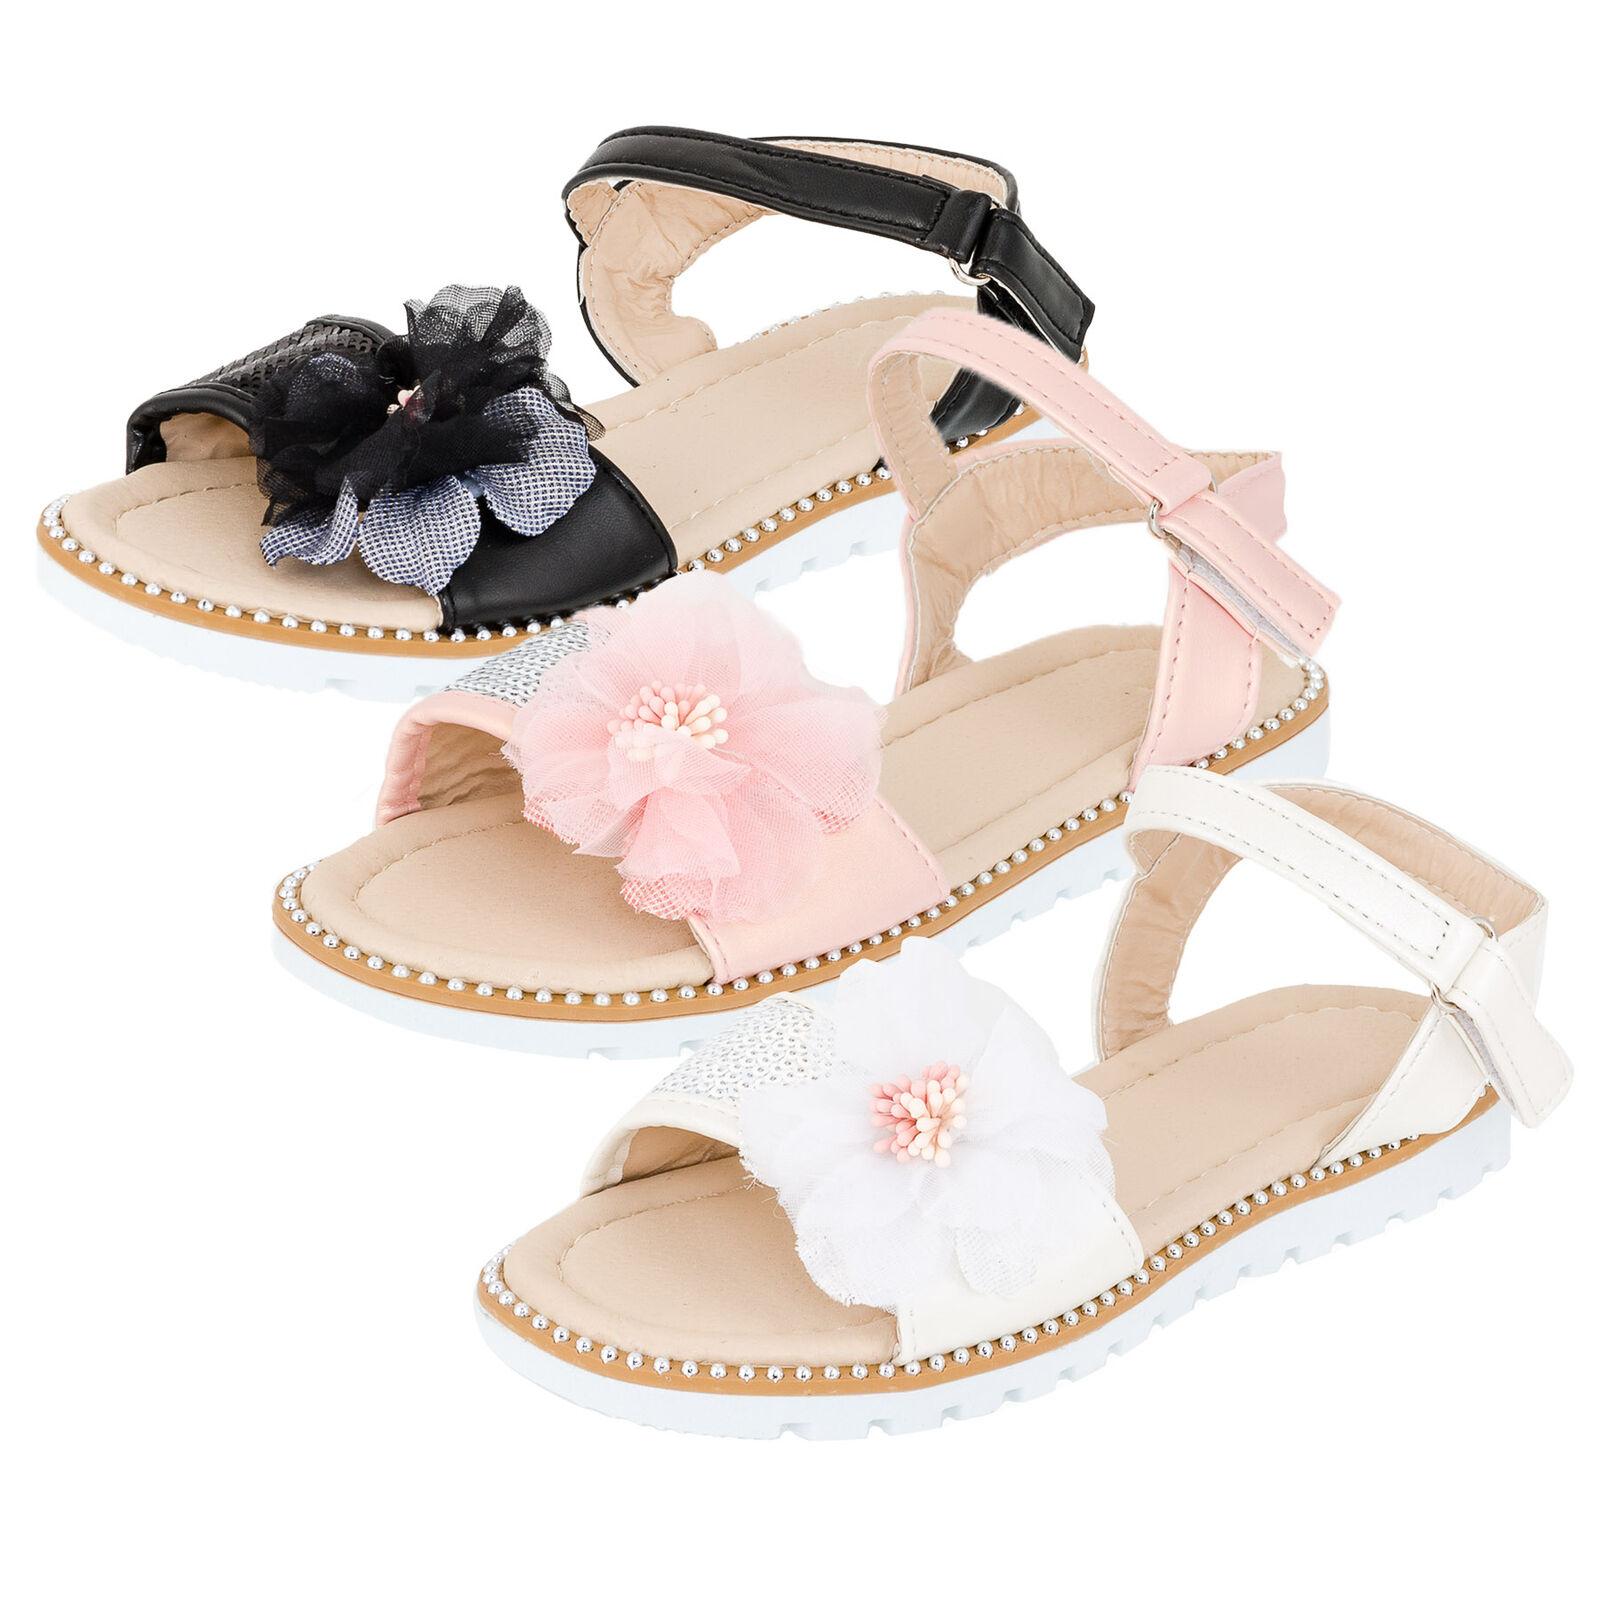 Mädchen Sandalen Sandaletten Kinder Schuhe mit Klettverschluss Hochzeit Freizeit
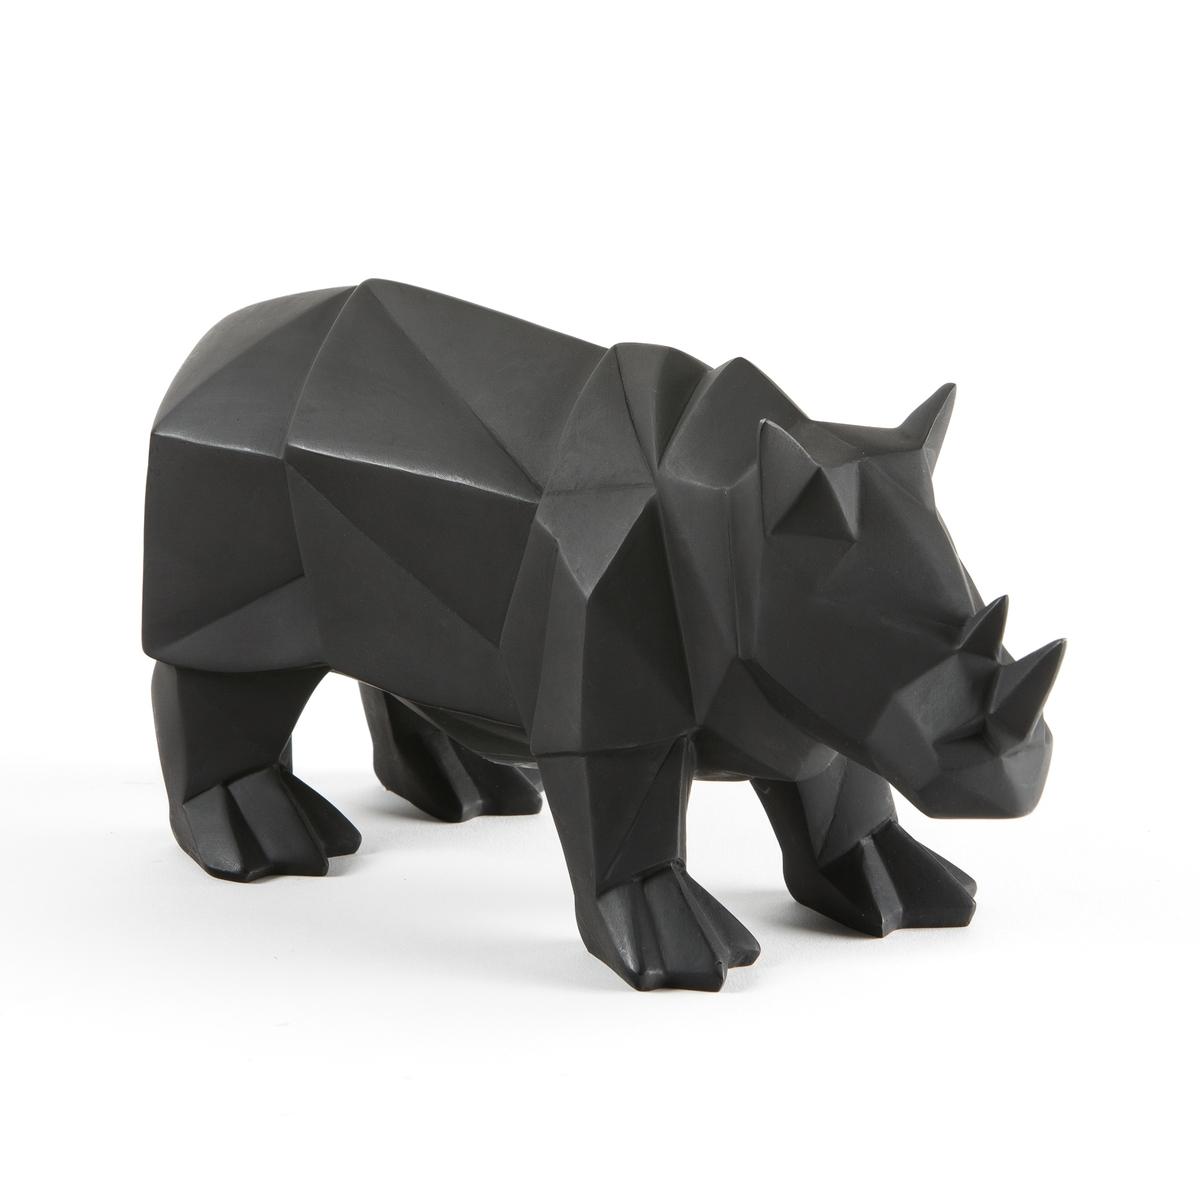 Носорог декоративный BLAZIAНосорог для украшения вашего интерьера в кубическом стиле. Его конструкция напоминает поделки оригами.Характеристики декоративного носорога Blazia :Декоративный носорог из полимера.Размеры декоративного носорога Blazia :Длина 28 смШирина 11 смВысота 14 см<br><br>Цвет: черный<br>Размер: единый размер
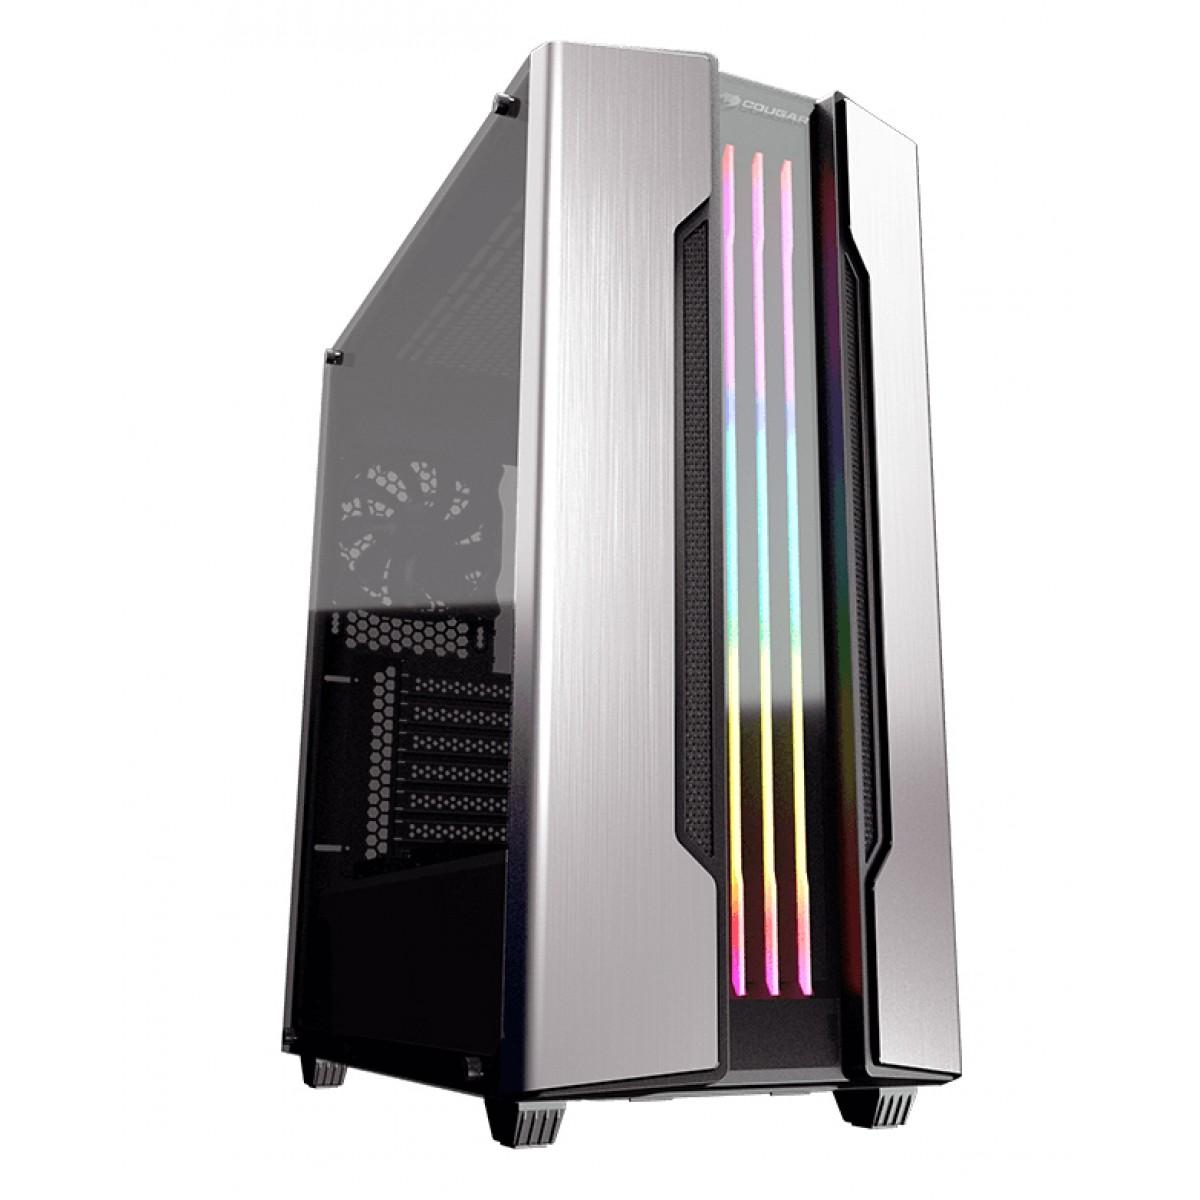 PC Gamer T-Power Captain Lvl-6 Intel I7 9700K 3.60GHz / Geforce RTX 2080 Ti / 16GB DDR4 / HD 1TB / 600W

***

* **Task goal**
Restate word for word each line from the one containing "Носорог декоративный BLAZIAНосорог" through the end of the material, pictures excluded.

* **Solution to this problem**
 Носорог декоративный BLAZIAНосорог для украшения вашего интерьера в кубическом стиле. Его конструкция напоминает поделки оригами.Характеристики декоративного носорога Blazia :Декоративный носорог из полимера.Размеры декоративного носорога Blazia :Длина 28 смШирина 11 смВысота 14 см<br><br>Цвет: черный<br>Размер: единый размер
 PC Gamer T-Power Captain Lvl-6 Intel I7 9700K 3.60GHz / Geforce RTX 2080 Ti / 16GB DDR4 / HD 1TB / 600W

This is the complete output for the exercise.